— Регина! — позвал он, вставая и спотыкаясь по пути к дому. — Регина... детка!

     Он узнал, что его не было два дня. Даг Хаммерфилд, Алекс Смит и Энди Уэррен не вернулись. И что-то изменилось в Новом Эдеме. Вскоре выяснилось, что попытка сесть за руль, проехаться на велосипеде и убраться из Нового Эдема приводила обратно в Новый Эдем. Выхода не было. Здесь создавался вечный, нескончаемый круг — первый, если верить Данте[15]. Все просто возвращалось. Черт побери, всё постоянно приводило людей обратно, в Новый Эдем в царство «Рисковых Игроков».
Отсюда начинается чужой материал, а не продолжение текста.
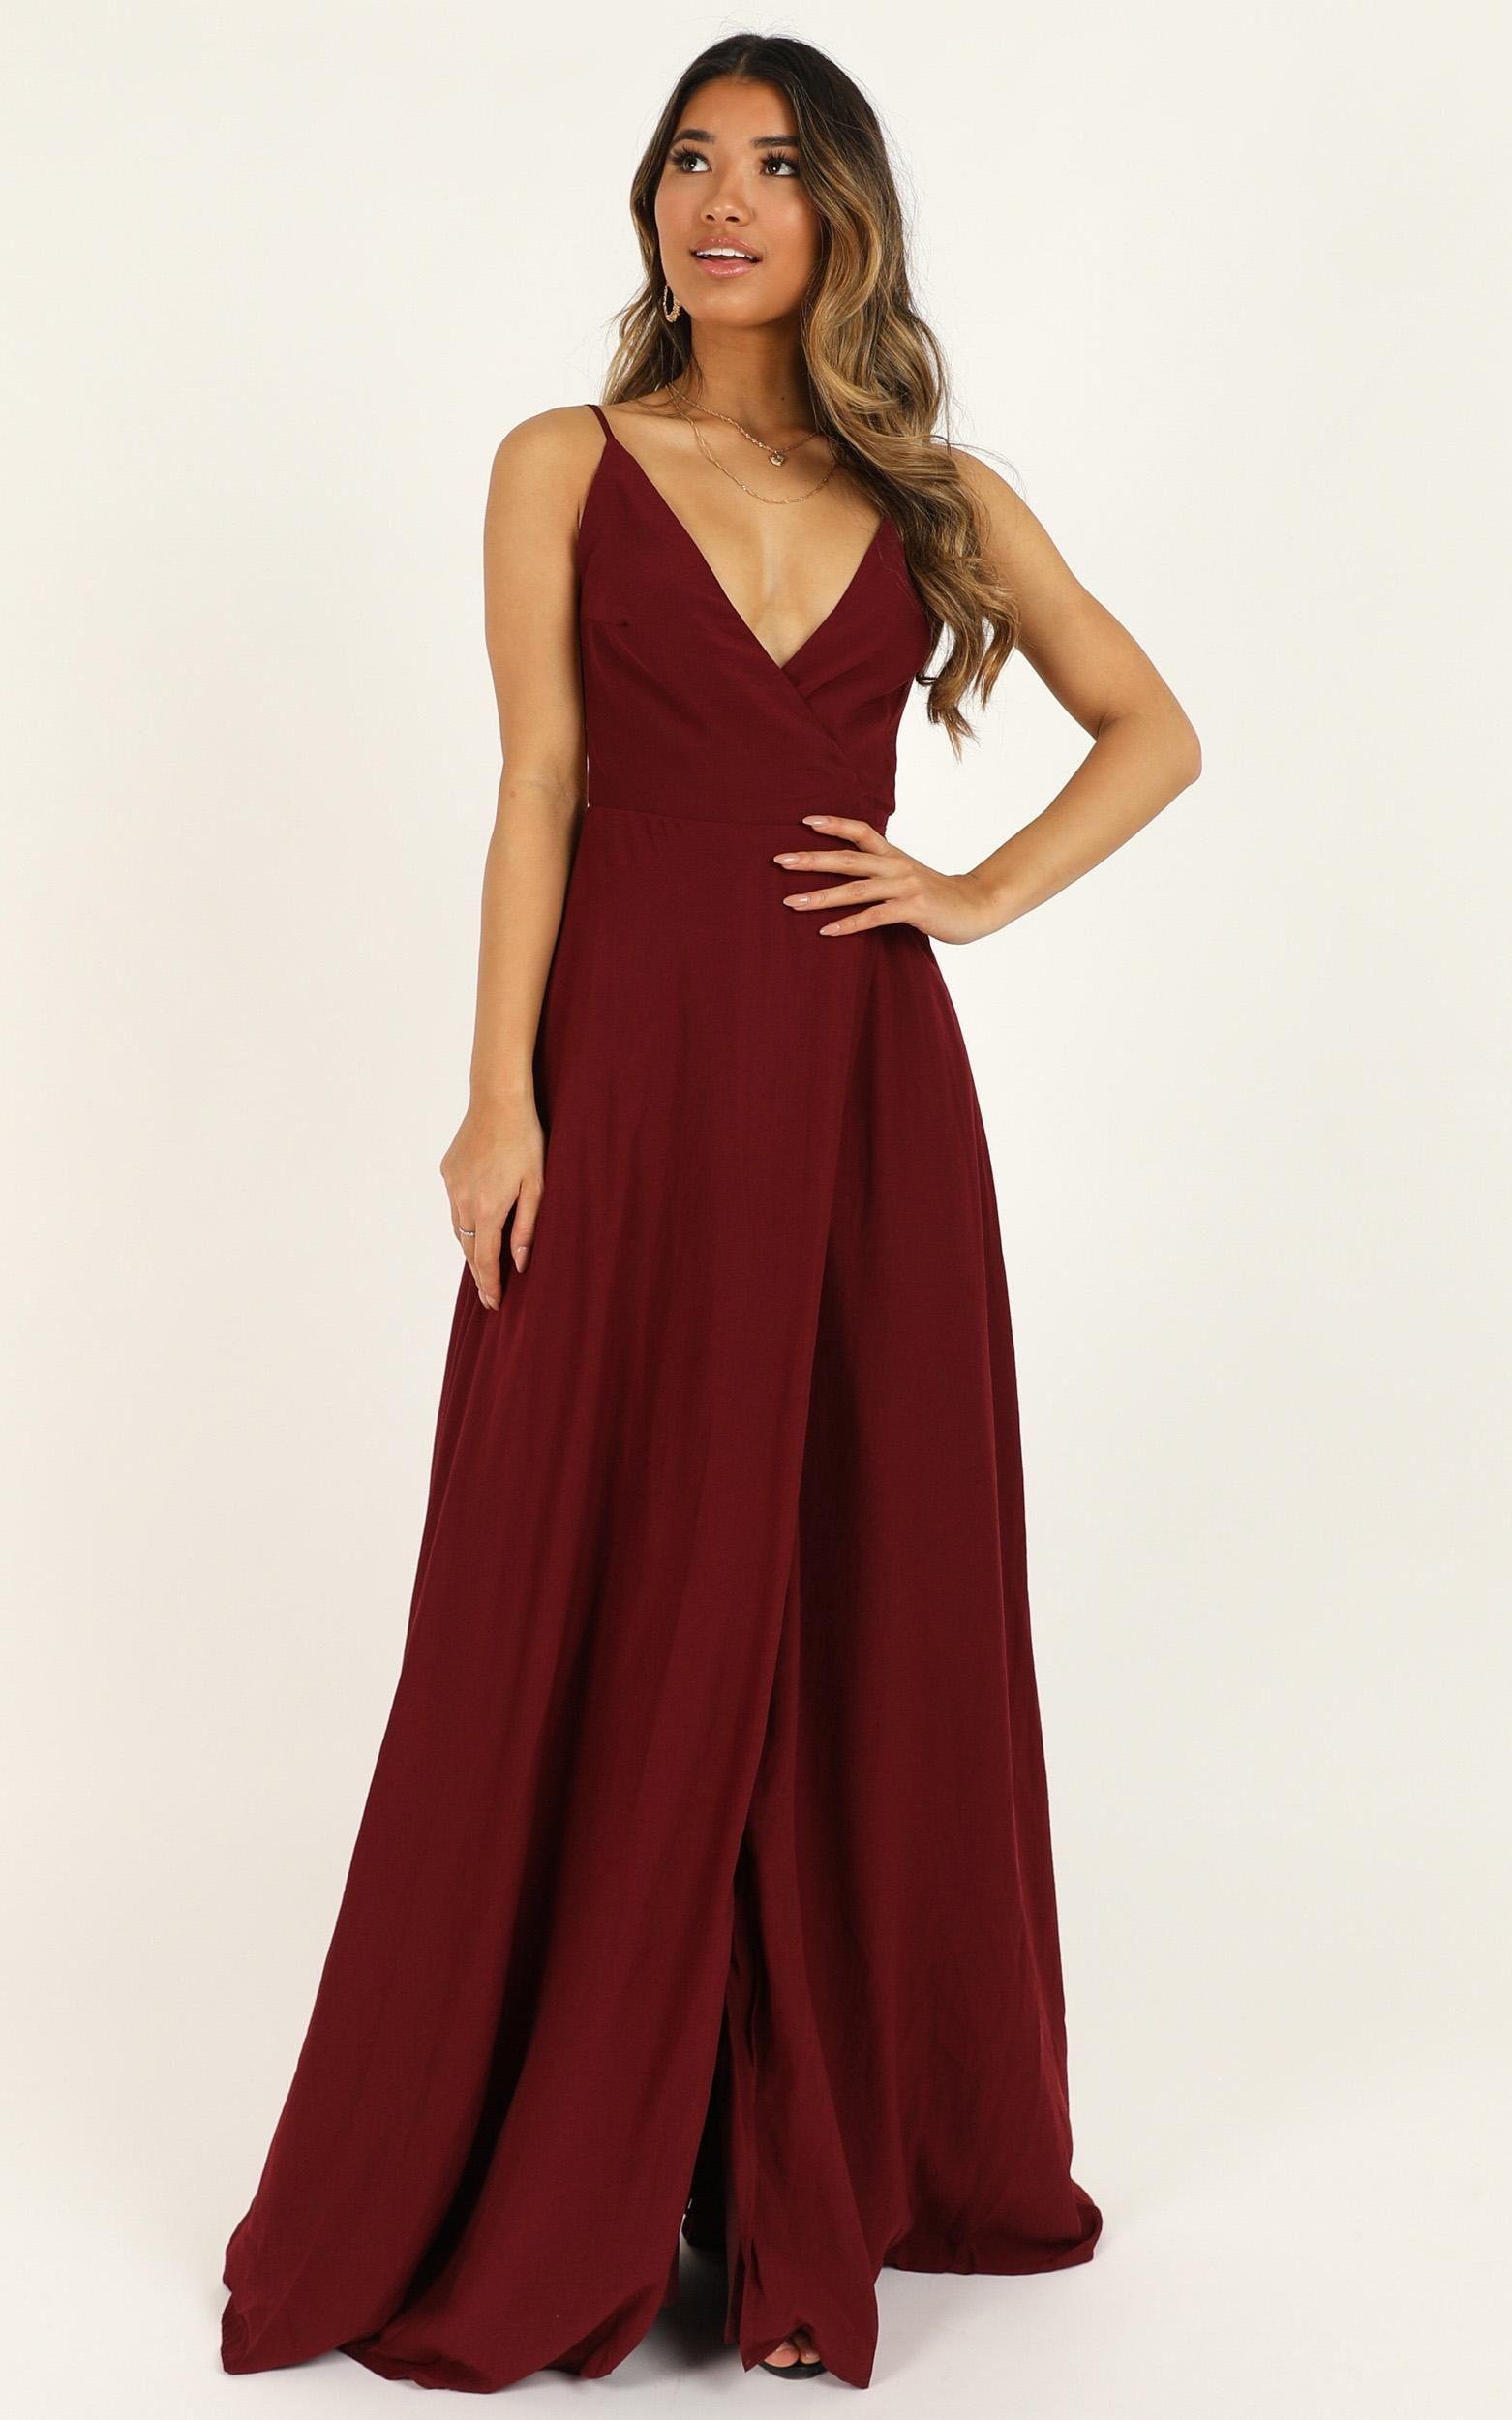 Starry Eyes Sparkling Dress In Wine Satin Showpo Maroon Bridesmaid Dresses Dresses Red Bridesmaid Dresses [ 2500 x 1562 Pixel ]

     В шесть часов утра, двенадцать часов дня и шесть часов вечера на обеденных столах появлялись белые квадраты некоей субстанции, напоминавшей тофу, а также гладкие металлические сосуды субстанции, похожей на молоко. Никто не мог заметить, как и откуда они появляются — все происходило в неуловимых паузах между вздохами и взглядами. Никто не мог понять и того, как сосуды исчезают. Они старались убирать их в ящики, запирать в шкафах, но они инопланетные дары все равно исчезали. Их нельзя было помять или раздавить. Еда и питье были слегка горьковатыми, но насыщали желудок и вскоре стали привычными. Некоторые люди говорили, что эта пища подарила им самые прекрасные сны, и они начали просто просыпать свои жизни.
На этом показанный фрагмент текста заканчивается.